Гренадёр-медсестра, молча кивнув, вышла из просторной палаты, в которой я лежал в полном одиночестве, как важное лицо, но быстро вернулась, неся перед собой металлический поднос, накрытый верху толстым слоем марли.
Внезапно в воздухе пронеслась какая-то рябь, от стены до стены, будто летний раскалённый воздух над асфальтированной трассой. Я потёр глаза ладонью. Это ещё что?
— Доктор, вы видели?
— Что? Фёдор Александрович, вам что-то показалось? — как-то неестественно улыбнулся Аристарх Никанорович. — Это может быть последствие ранения, ничего страшного, не переживайте. Софьюшка, ну что же ты так долго?

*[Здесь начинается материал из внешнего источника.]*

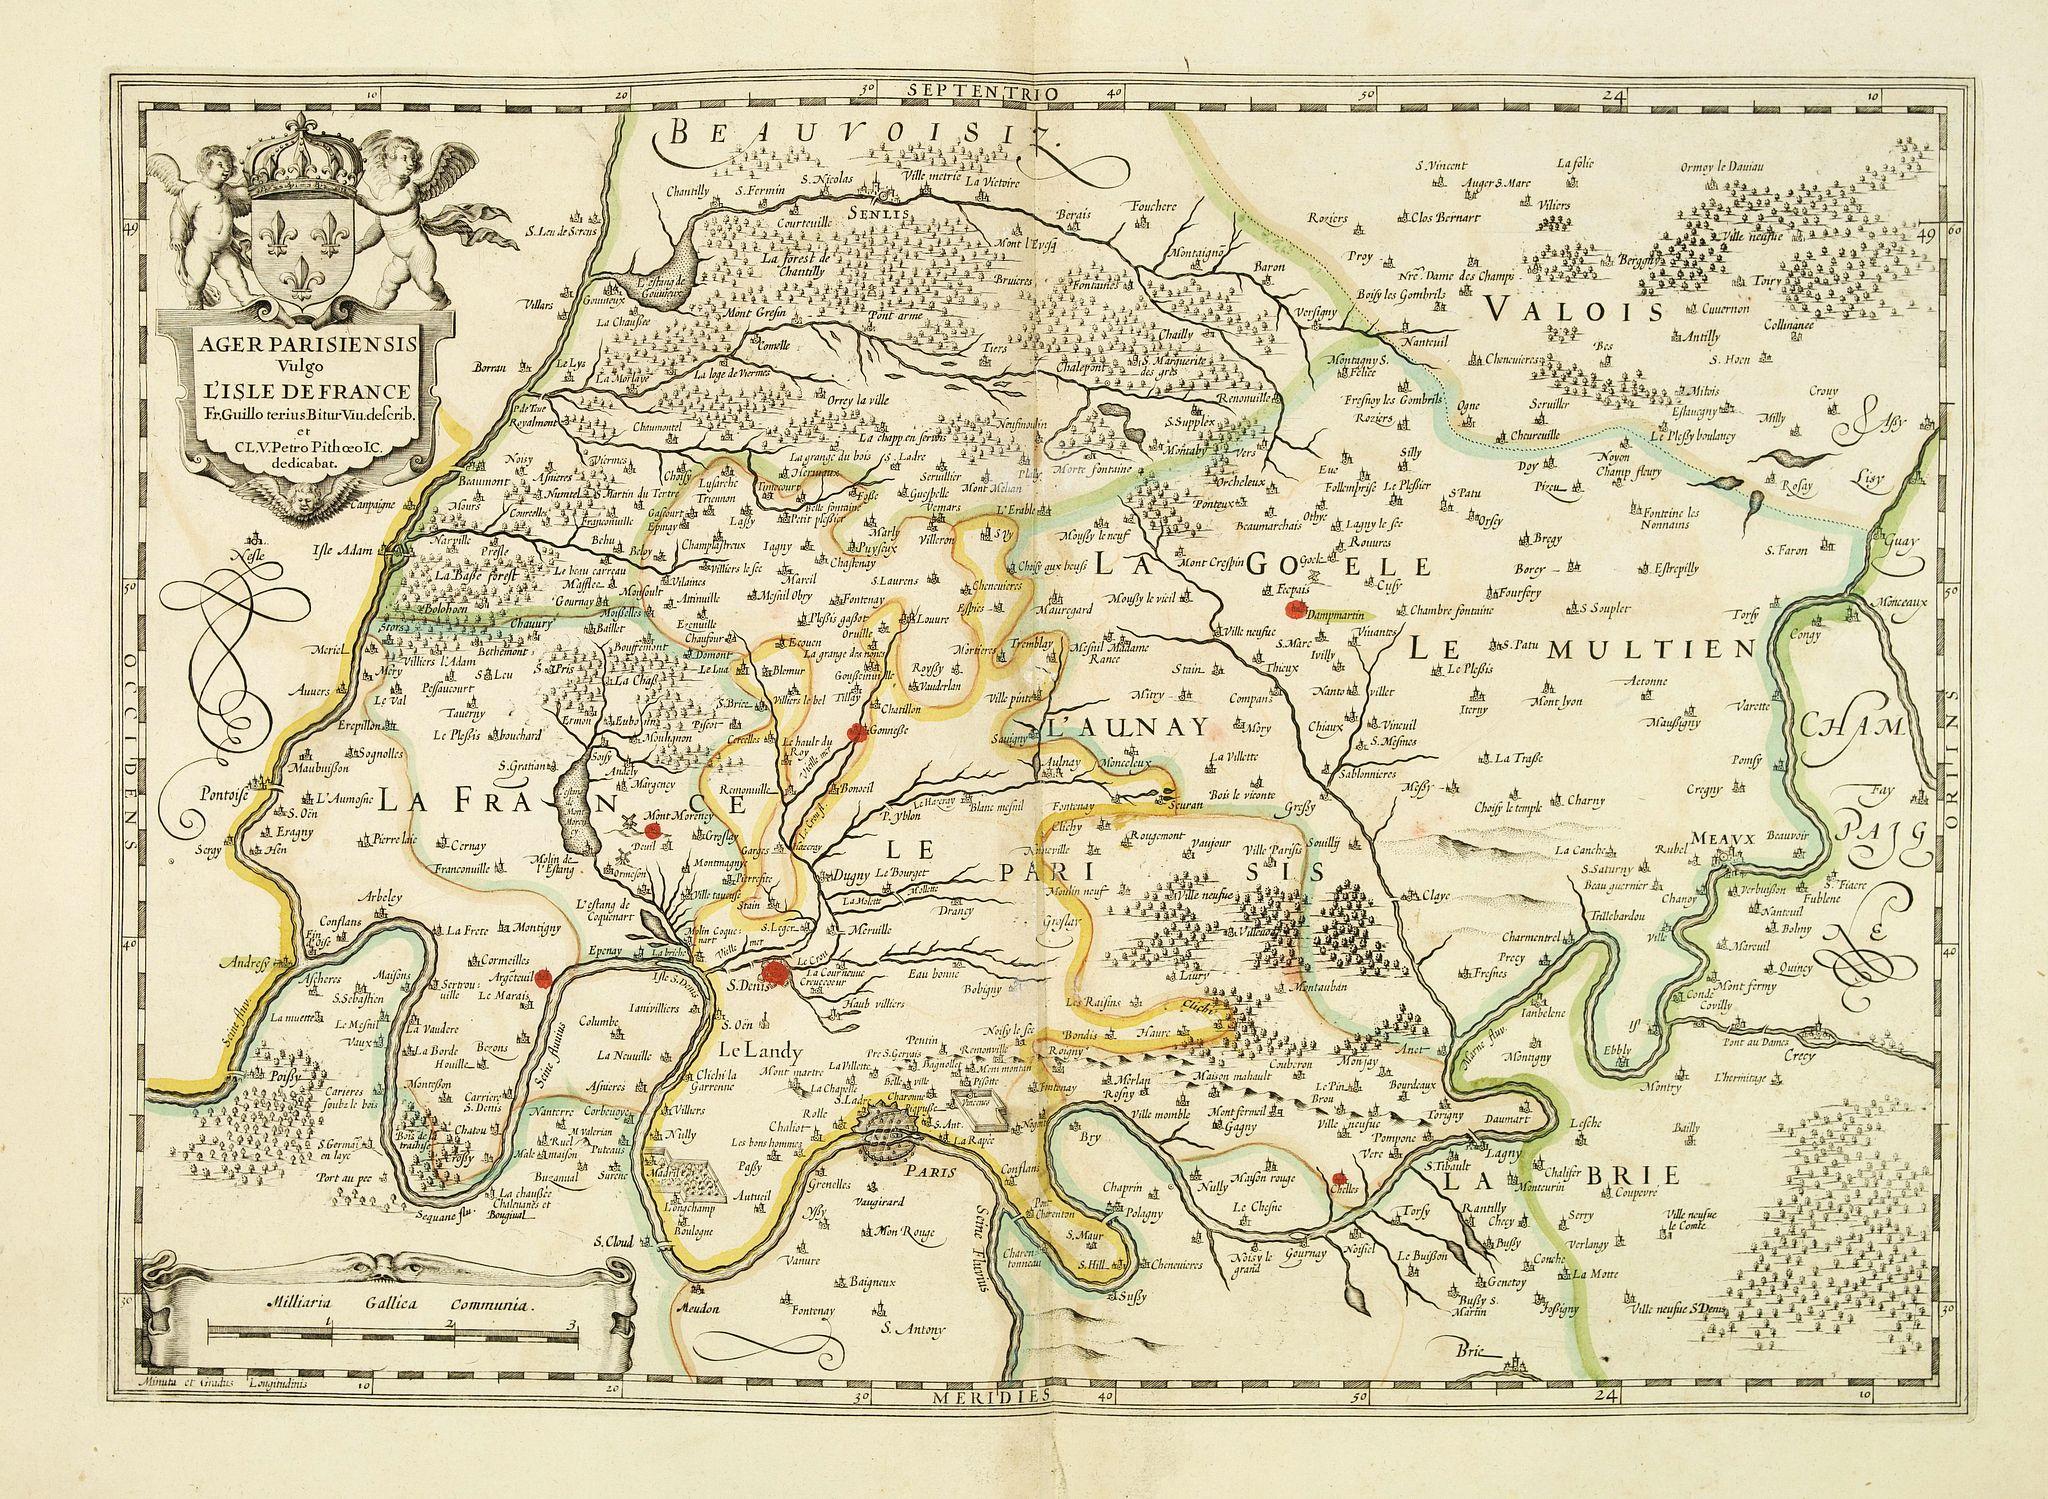 JANSSONIUS, J. -  Ager Parisiensis vulgo l'Isle de France.

Доктор положил мне на грудь руку, показавшейся просто неимоверно тяжёлой, и бросил быстрый взгляд на медсестру. Что за спешка такая? Сестричка с ничего не выражающим лицом откинула марлю с подноса, отломила носик у запаянной стеклянной ампулы, и быстро всосала прозрачную жидкость поршнем шприца со стеклянными стенками.
Вторая волна ряби, ещё более сильная, прошла через палату. Да что же это такое? Доктор уже не улыбался. И его глаза... Мне почудилось, или они на мгновение стали чёрными? Полностью, затопив белок и радужку? Рука Аристарха Никаноровича лежала на груди железной рельсой, вжимая меня в кровать и не давая пошевелиться. Внезапно в голове что-то щёлкнуло. Пенициллин? В тысяча восемьсот тридцатом году? Его изобрели веком с лишним позже. Как и запаянные стеклянные ампулы. Кто ты такой?
Память, прорвав окутавший её туман, вернулась. Образы, события хлынули в голову водопадом, смывая наброшенное на меня заклятье. Я схватился за руку лже-доктора, пытаясь скинуть с себя, но не смог сдвинуть её даже на миллиметр.